Random Acts

Home > Mystery > Random Acts > Page 2
Random Acts Page 2

by J. A. Jance


  “Are you all right?” he asked.

  “I will be,” Joanna said, “but how did the authorities know to call us?”

  “One of the officers at the scene saw your name on your mother’s cell phone’s ICE file,” he said. “By then they already knew she was from Bisbee. Somebody saw the name Joanna Brady and must have made the connection to Sheriff Joanna Brady. They called the department, and Tica called me. Is there anyone else you want me to notify?”
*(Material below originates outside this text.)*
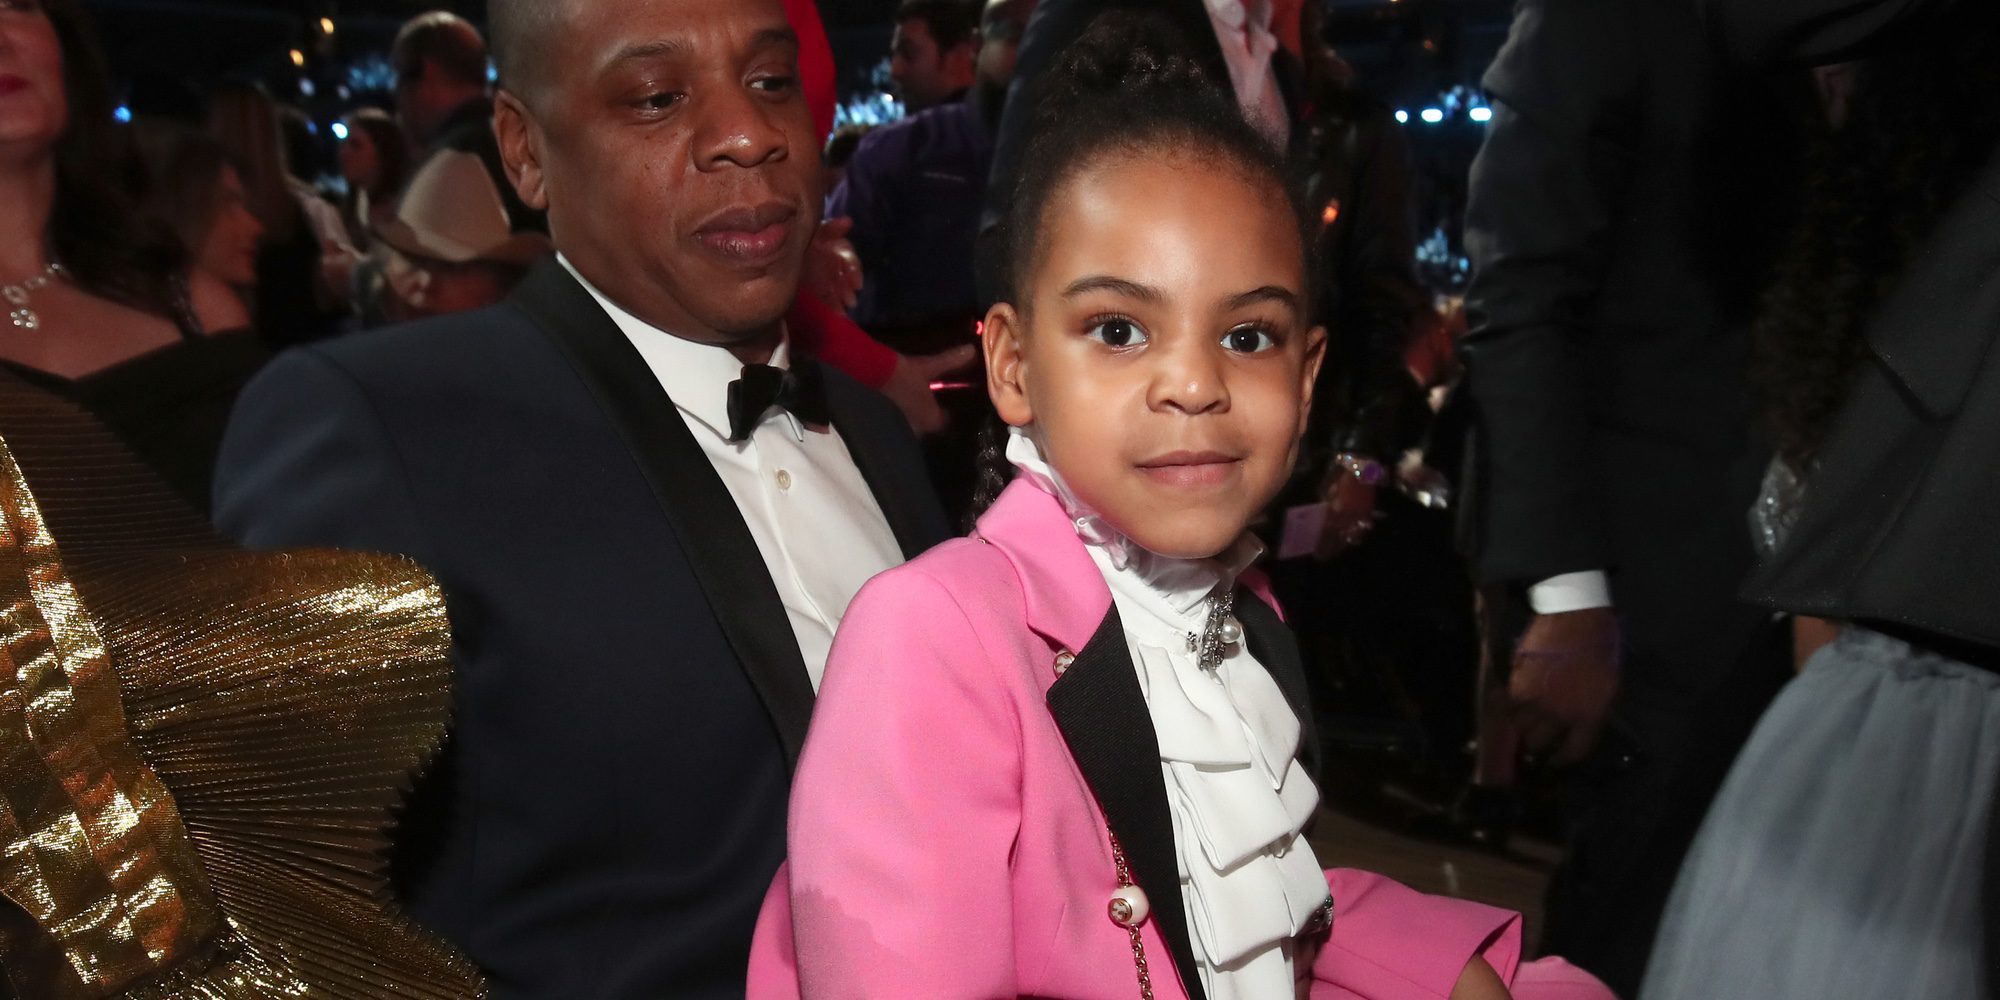 Blue Ivy roba el protagonismo a Beyoncé en la noche de los Premios Grammy 2017 tras su madre Beyoncé

  “No,” Joanna said. “If Butch drives, that’ll give me three and a half hours to make calls, starting with Chief Deputy Hadlock. I’ll need to contact my brother in Virginia. I’ll also need to figure out how to get hold of George’s relatives. I’m sure there are some, but I don’t know exactly who or where they are.”

  “It won’t take three and a half hours,” Jaime said. “I’ve already made some calls. Deputy Stock will meet us at the Traffic Circle. He and I will give you a police escort from here to the county line. From there, Pima County officers will escort you as far as the Pinal County line, and officers from Maricopa will deliver you to the hospital itself. By the way, I made the police escort arrangements over the phone. None of that should turn up on Marliss Shackleford’s police scanner or in her column, either.”

  “Thank you for that,” Joanna replied.

  Butch appeared in the kitchen doorway with two metal-­clad thermal coffee mugs in hand. Joanna knew that his would contain coffee. Hers would be ice water spiked with lemon wedges.

  “Ready?” he said.

  Joanna nodded.

  “Okay,” Jaime said. “Let’s be going. Your police escort is all lined up, Butch, so just fall in behind me.”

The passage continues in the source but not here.